Analysts predict that the levies will remain at 30% through late 2025, high enough to wipe out 70% of Chinese shipments to the U.S. in the medium run, but no longer constituting a de-facto trade embargo. They also expect the negotiations to continue beyond an initial 90-day timeframe (similar to the 75-day timeframe for TikTok talks that Trump has extended), giving the two countries time to tackle mutual irritants like fentanyl or pre-existing non-tariff trade barriers on both sides.
Bessent has warned that any trading partners that do not negotiate in “good faith” could see a return to the tariff rates initially imposed on April 2. The Chinese government often emphasizes “sincerity” in negotiations, but recent developments raise questions about either side’s commitment to de-escalation.
Rather than pause export restrictions on rare earth minerals, China has simply extended eligibility to some U.S. firms but is said to be too slow issuing export licenses. In the meantime, the U.S. has declared the use of Huawei’s advanced AI chips a violation of American export controls. Both nations are pressing ahead with new, category-specific tariffs, with Beijing imposing anti-dumping duties on certain U.S. plastics and the Trump administration considering anti-subsidy duties on key battery components and levies on pharmaceuticals and active drug ingredients. Time will tell if such actions will be viewed as a breach of the consensus reached in Geneva, or a reflection of deep distrust and longstanding disagreements on trade, national security, and other issues that are unlikely to be significantly eased over the next 90 days.
Despite bipartisan opposition and intense lobbying from affected industries, an early sunset of clean energy provisions in the Inflation Reduction Act seems certain after the 2026 federal budget legislation passed the House with all Republican votes. The final text would phase out consumer EV tax credits at the end of 2025 (except for manufacturers that fall under a 200,000 new EV cap, which would be eligible through 2026). Incentives for clean power projects would phase out as early as 2025 because funds would only be available once a project starts producing energy, as opposed to when construction starts.
As of 2028, most clean energy developers would no longer be able to transfer their tax credits, reducing their ability to raise funds. Credits for wind components would end after 2027, and incentives for all types of clean tech manufacturing would face aggressive “foreign entity of concern” restrictions targeting adversaries like China. All IRA funds for EV, battery, and other clean tech projects not spent by the Energy Department and other federal programs would be reallocated, as would be any leftover EPA diesel emissions reduction funds. (Separately, car loan interest would be tax-free through 2028 for vehicles that are built in the U.S.)
Americans are divided on what should be done about the IRA clean energy provisions, with 44% in favor of removing tax breaks for clean power projects and EV purchases and 39% against. (By contrast, 60% support eliminating taxes on car loan interest.) The issue is just one of several points of contention between conservatives trying to cut spending and reshape federal priorities in line with the Trump administration’s agenda, and moderates pushing to preserve public benefit programs and low-carbon energy jobs their constituents rely on.

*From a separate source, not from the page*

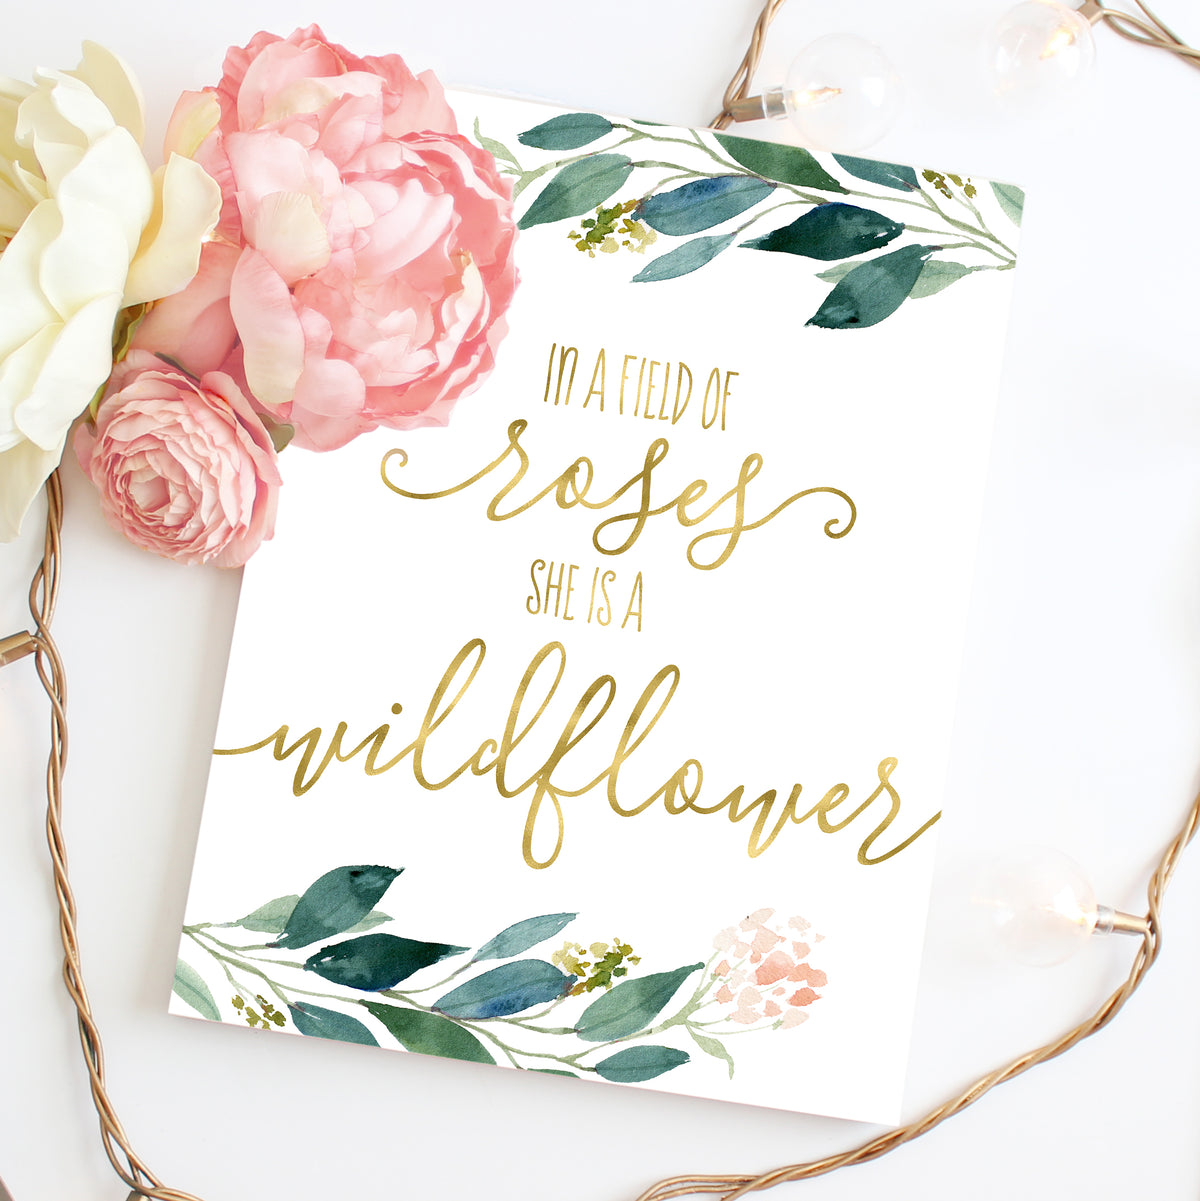 In a field of roses she is a wildflower - Nursery Wall Art Printable

The House legislative text is certain to face changes in the Senate, where centrist Republicans, whose votes are critical to passing the package by simple majority, argue that an early phase-out of clean energy tax credits would negatively impact emerging technologies and domestic supply chains. We will be watching the legislation take shape over the next few weeks, and will keep you informed about how the IRA era ultimately ends.